Bodenreider Olivier
U.S. National Library of Medicine, Bethesda, Maryland. National Institutes of Health & Human Services, USA.
AMIA Annu Symp Proc. 2003;2003:101-5.
To investigate three aspects of the redundancy of hierarchical relations across biomedical terminologies: 1) What proportion of the relations is redundant?, 2) Which terminologies tend to overlap with other terminologies?, and 3) Is there a link between redundancy and semantic consistency?.
Hierarchical relations are counted in the various families of terminologies integrated into the UMLS and an index of redundancy is computed for each relation. Similarity among sources is computed using the classical cosine method. Semantic consistency is evaluated by reference to the UMLS Semantic Network.

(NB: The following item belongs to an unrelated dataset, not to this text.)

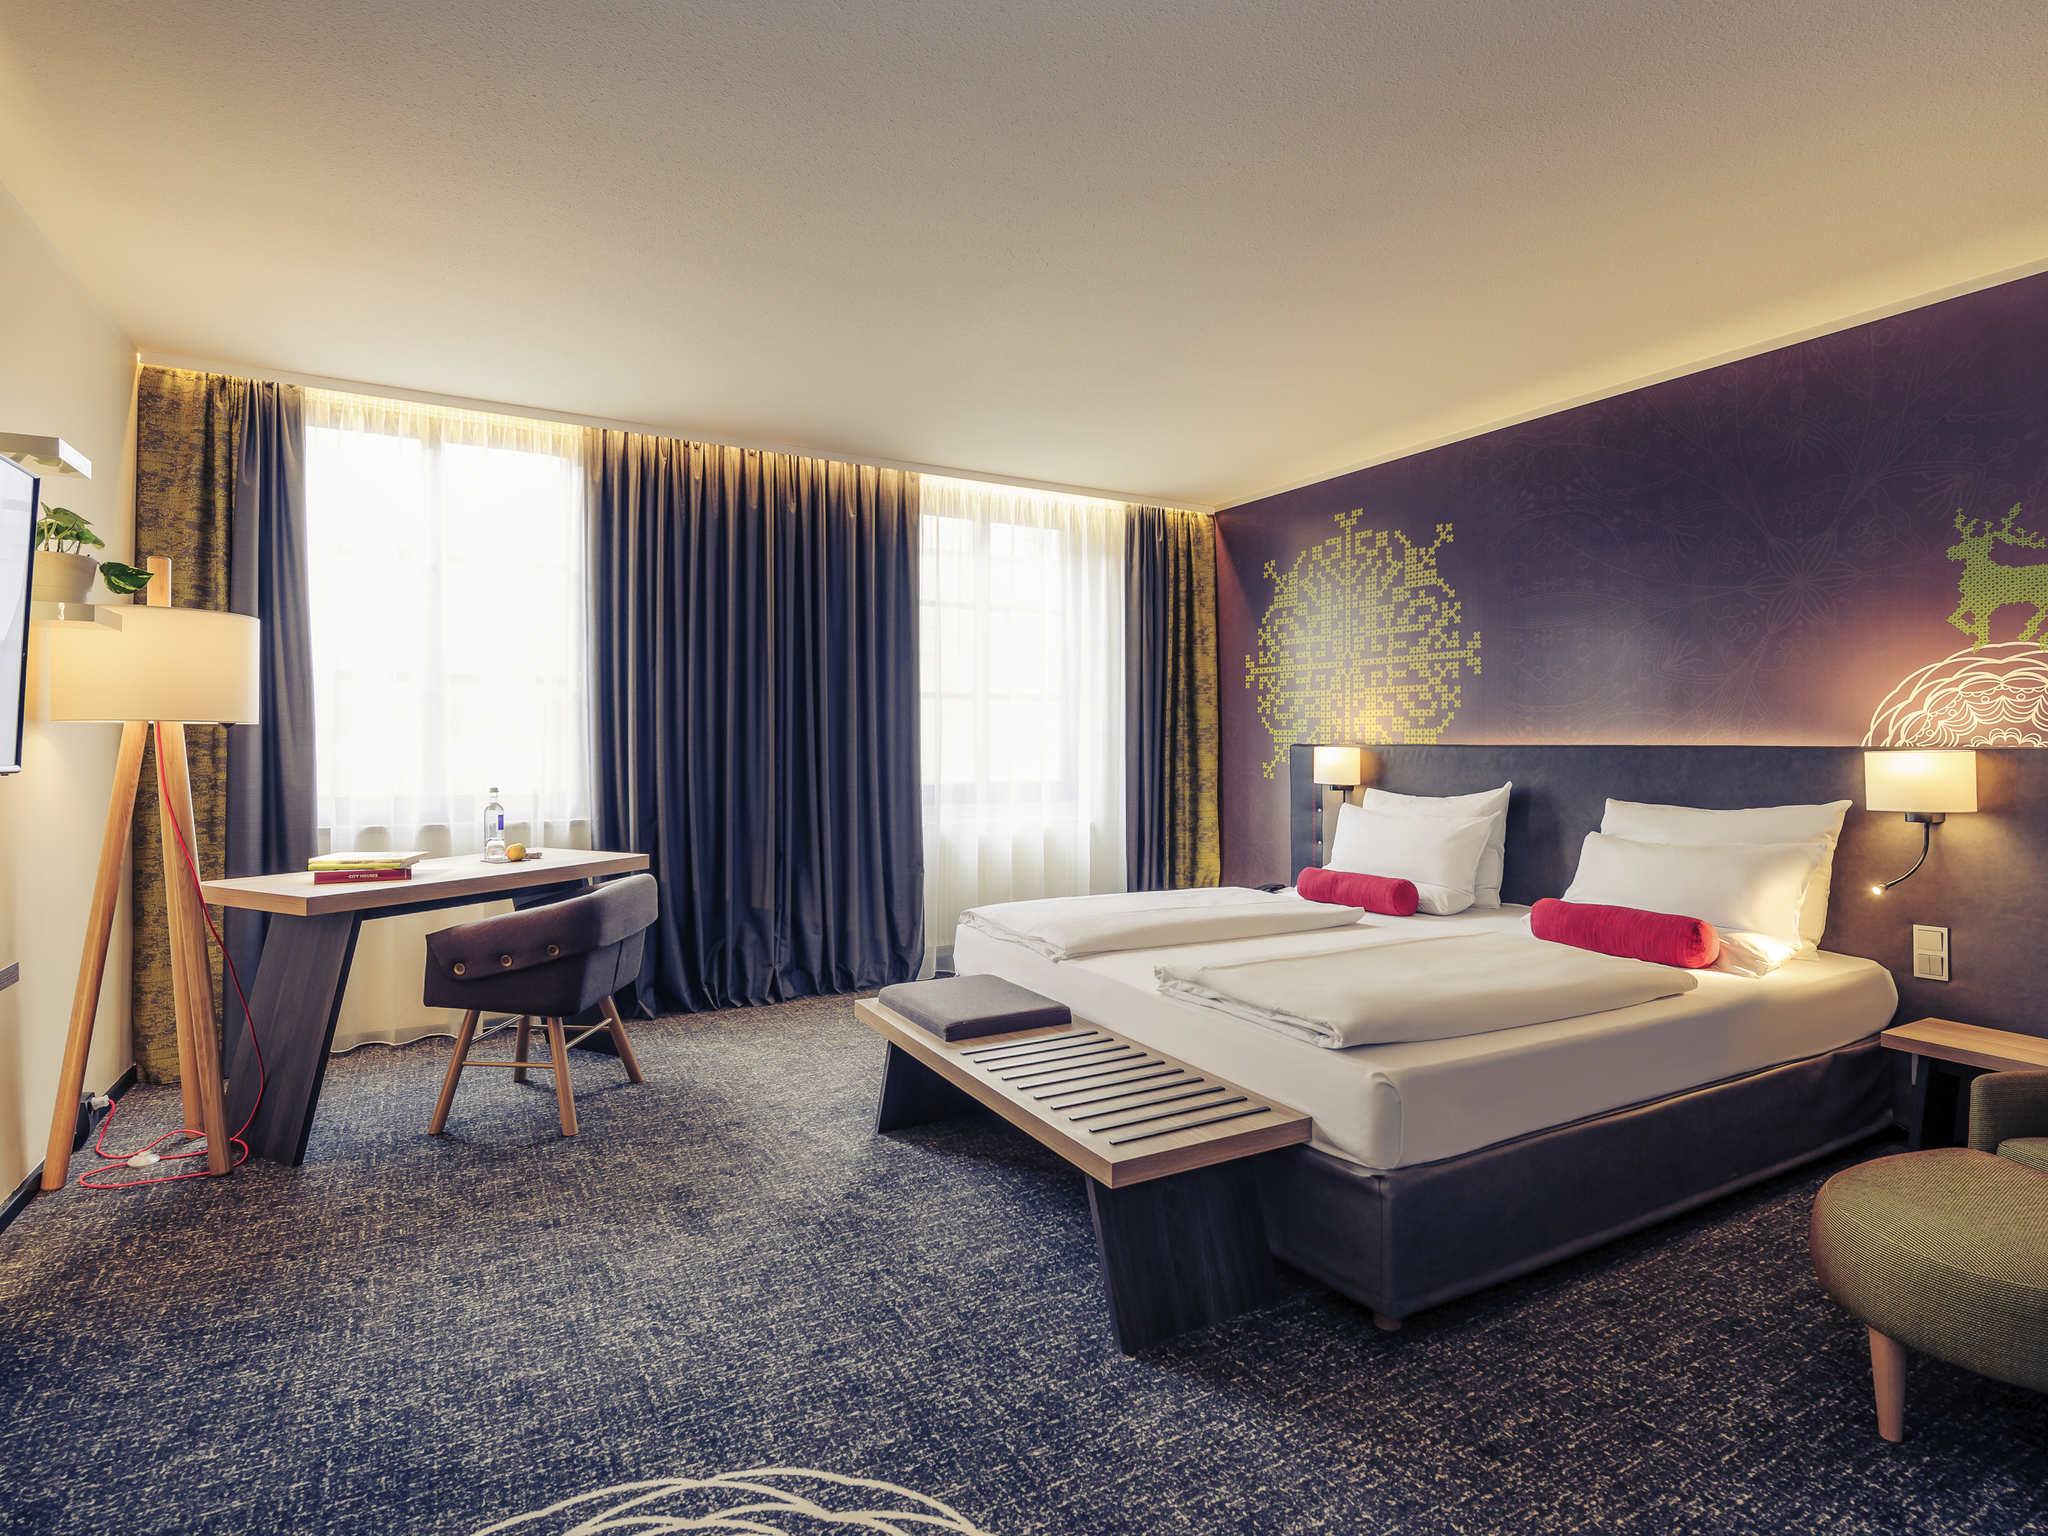 فندق - فندق مركيور Mercure مونشن سيتي سنتر

Overall, 29% of the 1,128,261 relations examined exhibit redundancy. Most similar sources include consecutive versions of terminologies. The link between redundancy and semantic consistency is weak.

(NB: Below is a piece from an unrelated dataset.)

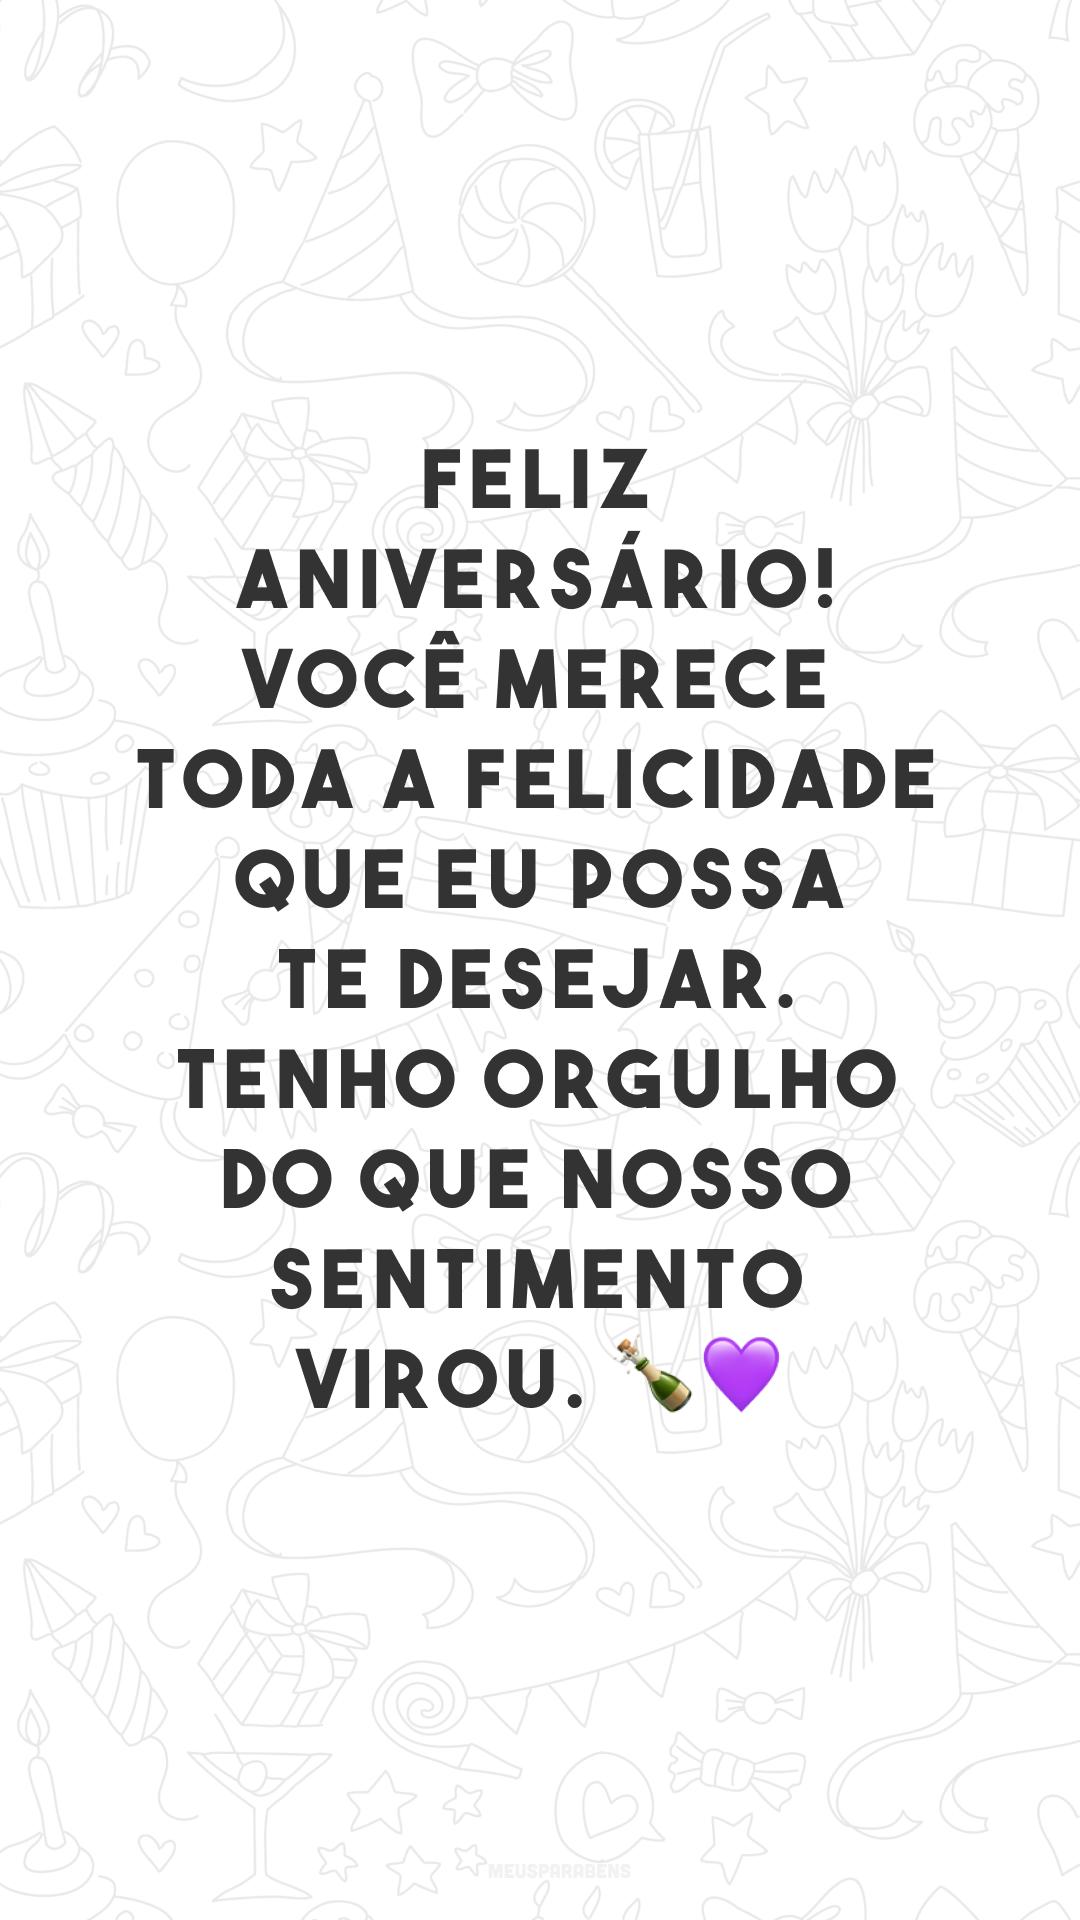 Feliz aniversário! Você merece toda a felicidade que eu possa te desejar. Tenho orgulho do que nosso sentimento virou. 🍾💜

Applications of these findings are discussed, including selecting sources, selecting useful relations, and auditing the categorization of UMLS concepts.
研究生物医学术语中层次关系冗余的三个方面:1)关系的冗余比例是多少?2)哪些术语倾向于与其他术语重叠?3)冗余与语义一致性之间是否存在联系?
对整合到统一医学语言系统(UMLS)中的各类术语家族中的层次关系进行计数,并为每个关系计算冗余指数。使用经典余弦方法计算来源之间的相似度。通过参考UMLS语义网络评估语义一致性。
总体而言,所检查的1,128,261个关系中有29%表现出冗余。最相似的来源包括术语的连续版本。冗余与语义一致性之间的联系较弱。
讨论了这些发现的应用,包括选择来源、选择有用的关系以及审核UMLS概念的分类。